::: Exercise data :::
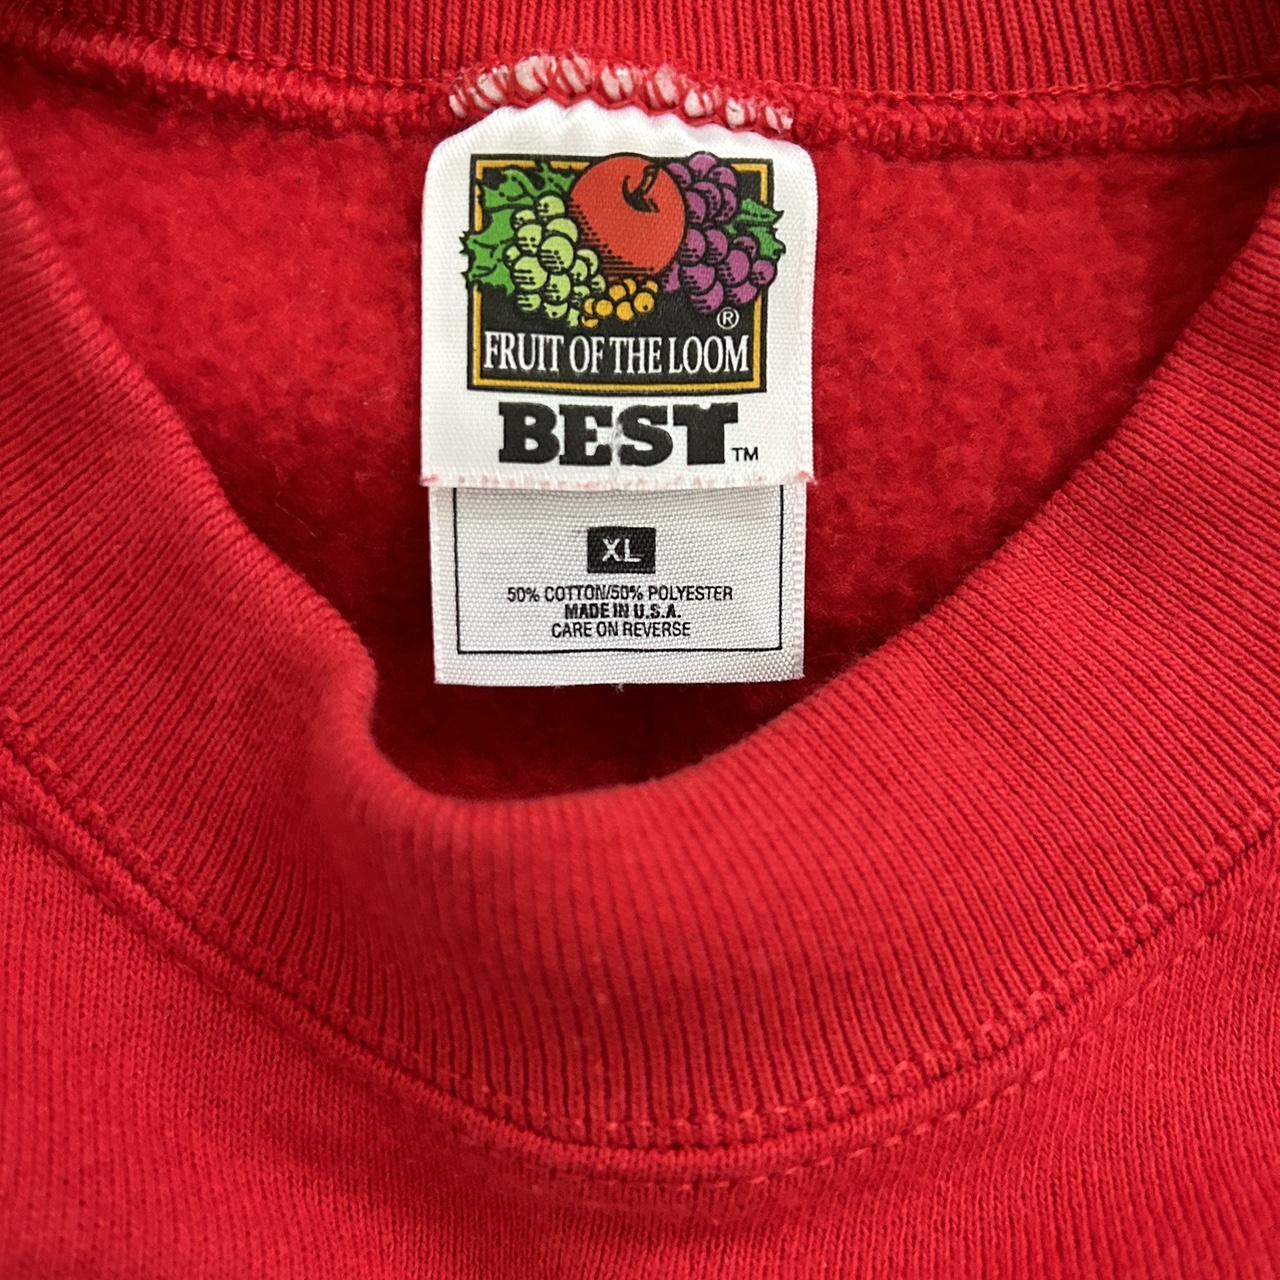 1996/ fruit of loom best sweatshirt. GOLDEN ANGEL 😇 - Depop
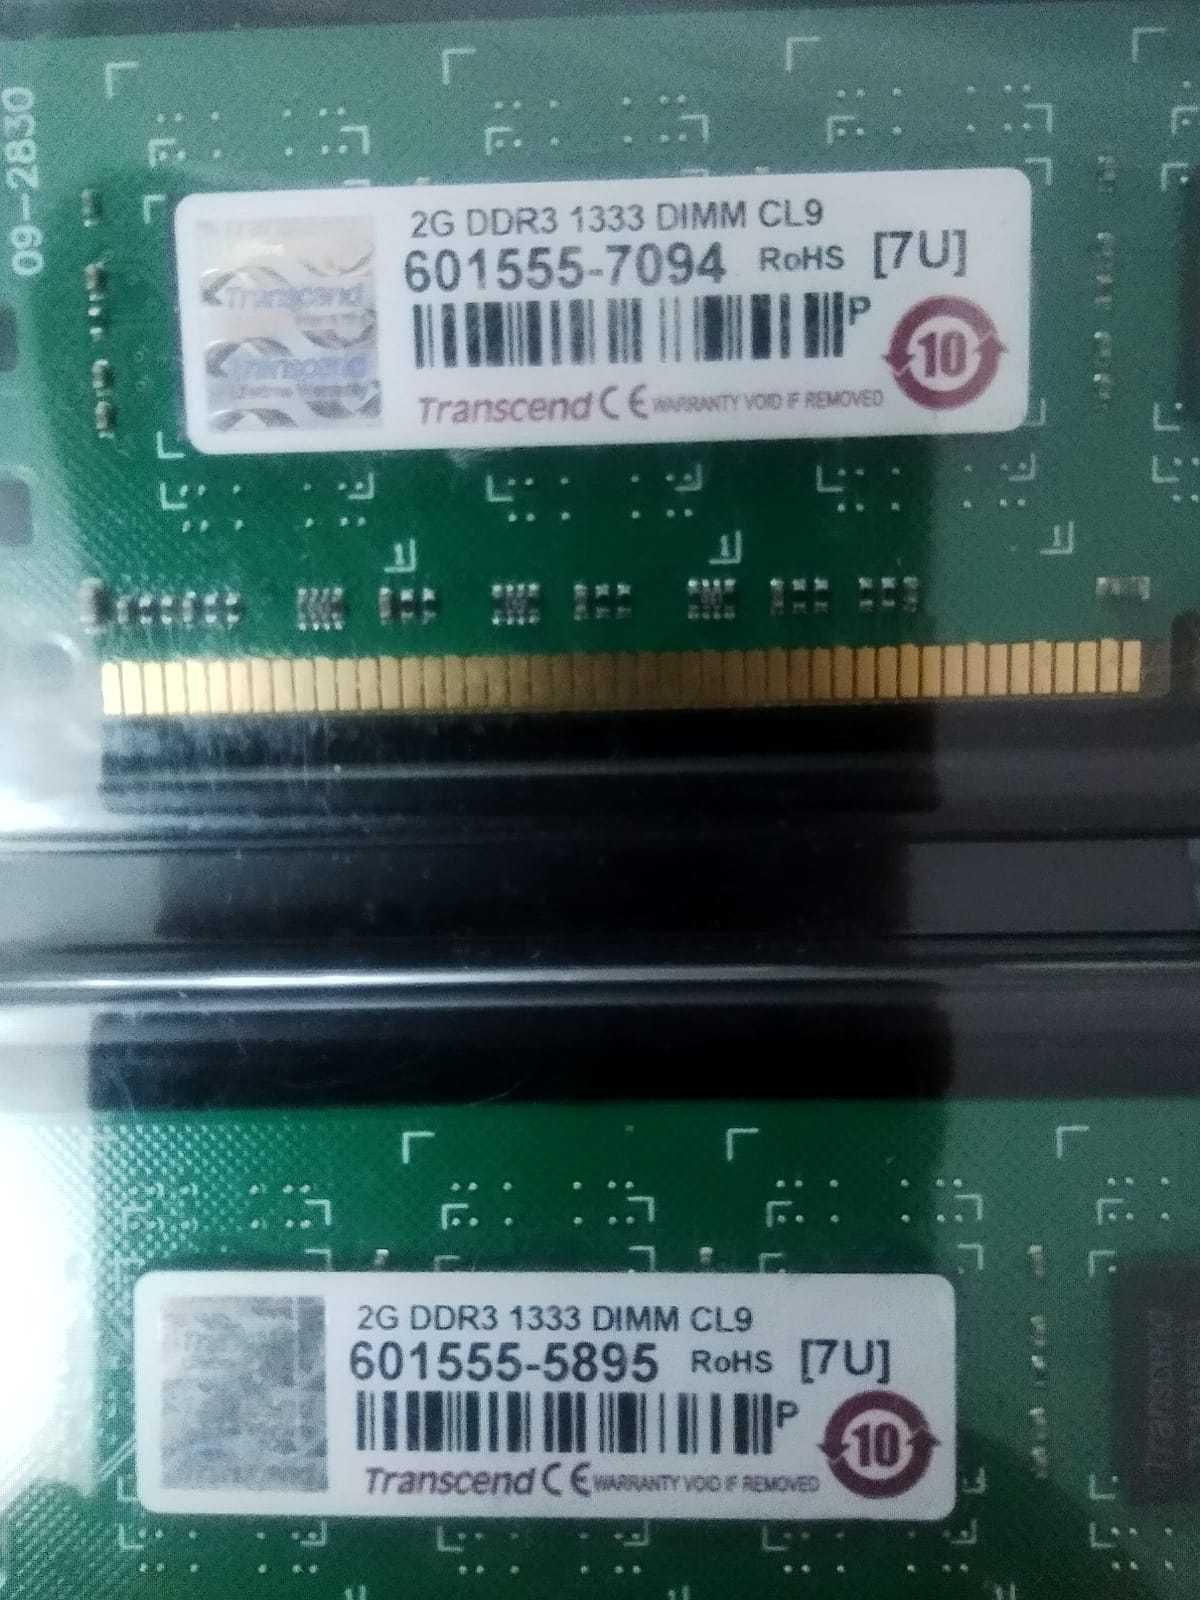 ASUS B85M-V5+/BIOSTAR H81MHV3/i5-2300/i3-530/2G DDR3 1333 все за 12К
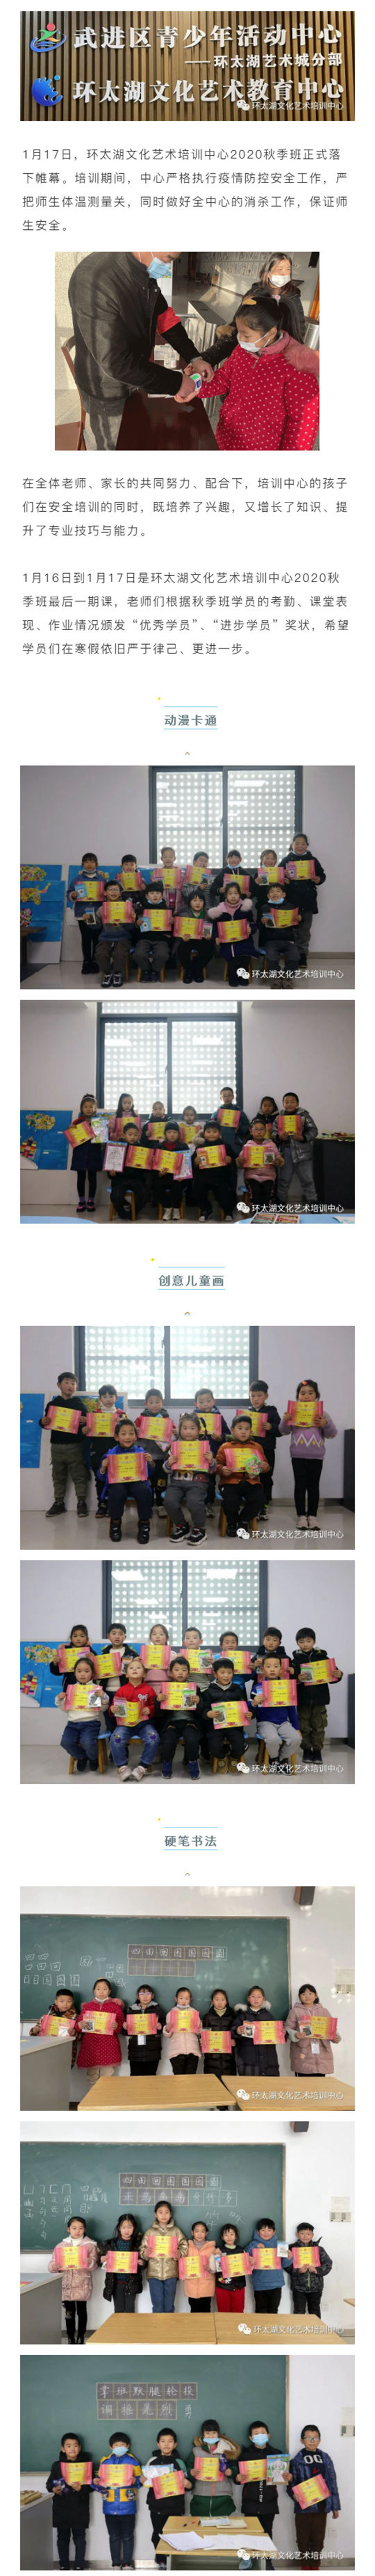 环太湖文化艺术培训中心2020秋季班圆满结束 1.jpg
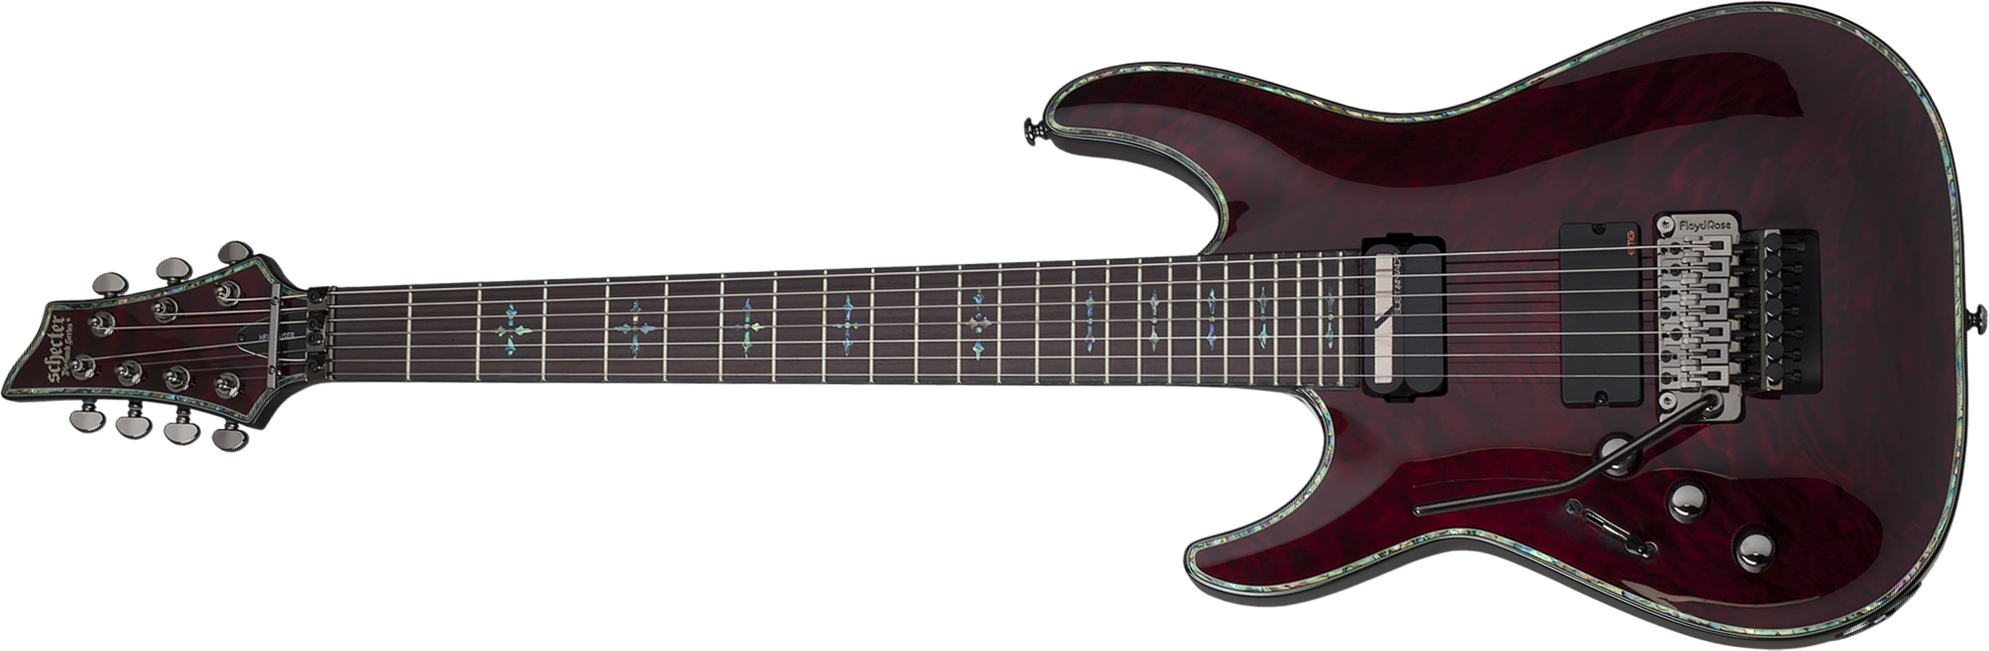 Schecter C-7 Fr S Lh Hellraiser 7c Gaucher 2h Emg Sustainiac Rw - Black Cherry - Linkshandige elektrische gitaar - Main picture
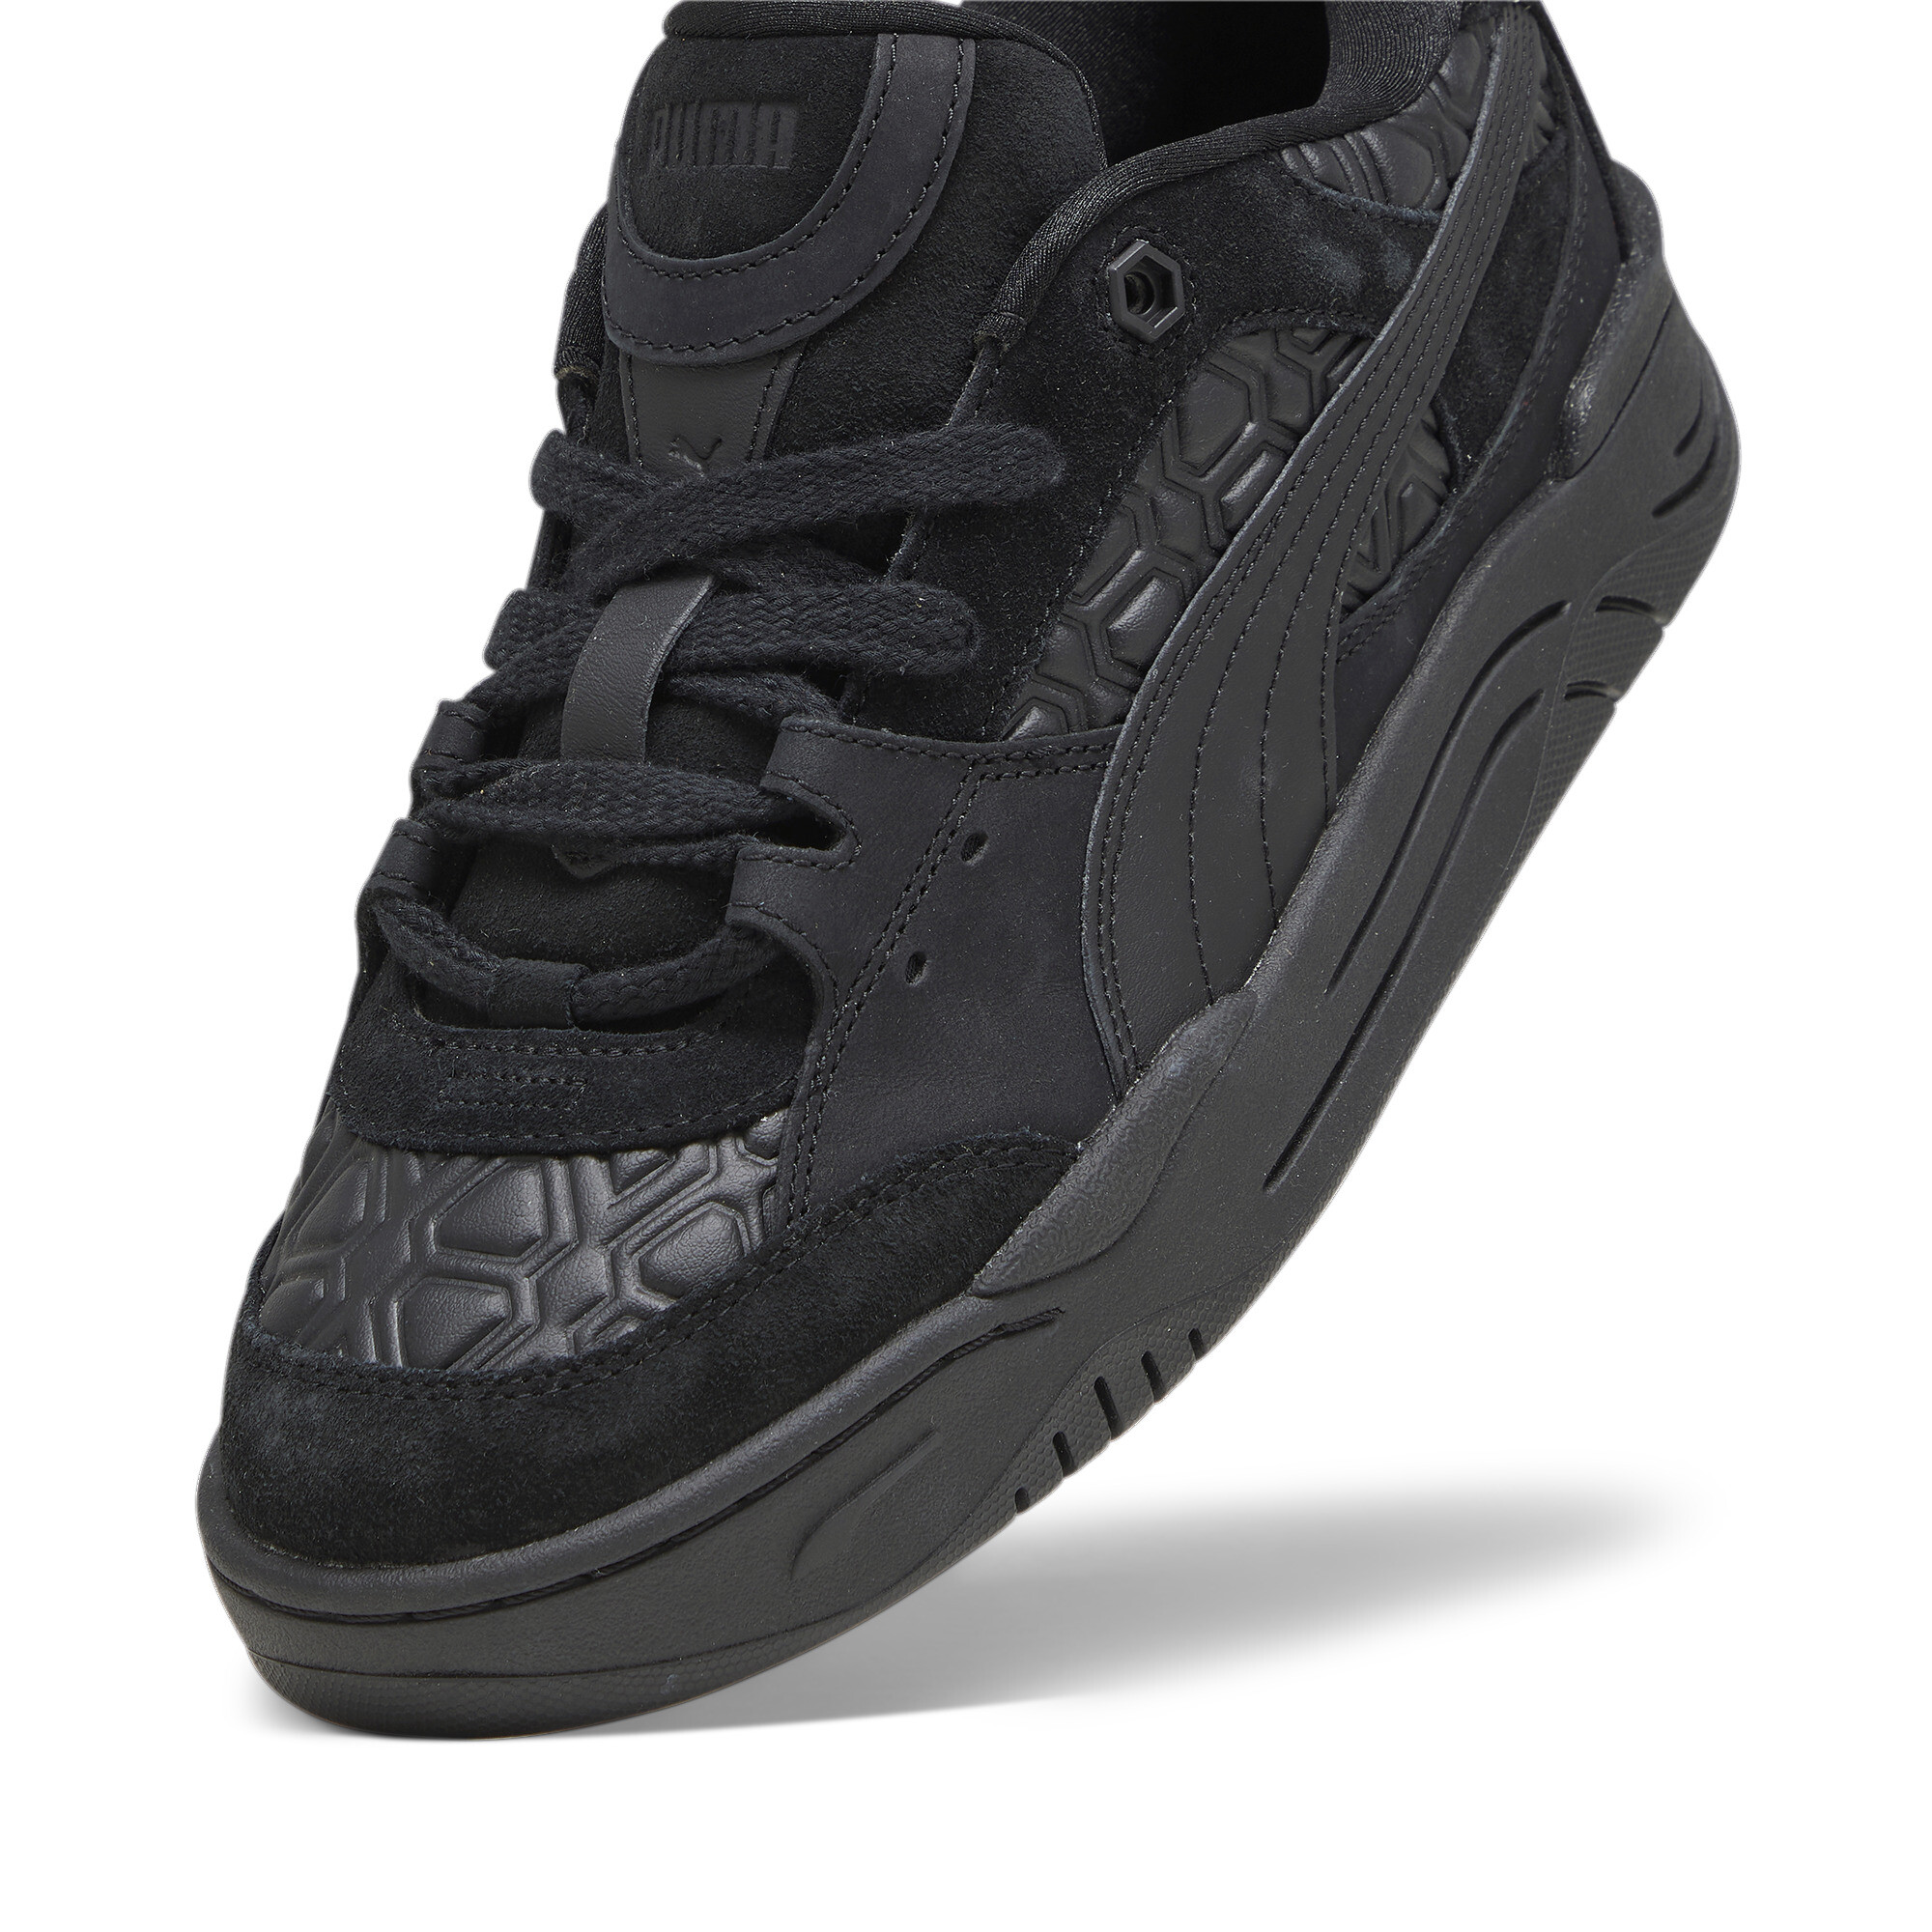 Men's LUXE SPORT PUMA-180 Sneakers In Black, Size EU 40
:::
▶ **What the task asks**:
Word for word, reproduce all of the data, but keep out the pictures.

▶ **Solution**:
 1996/ fruit of loom best sweatshirt. GOLDEN ANGEL 😇 - Depop
 ASUS B85M-V5+/BIOSTAR H81MHV3/i5-2300/i3-530/2G DDR3 1333 все за 12К
 环太湖文化艺术培训中心2020秋季班圆满结束 1.jpg
 Schecter C-7 Fr S Lh Hellraiser 7c Gaucher 2h Emg Sustainiac Rw - Black Cherry - Linkshandige elektrische gitaar - Main picture
 Men's LUXE SPORT PUMA-180 Sneakers In Black, Size EU 40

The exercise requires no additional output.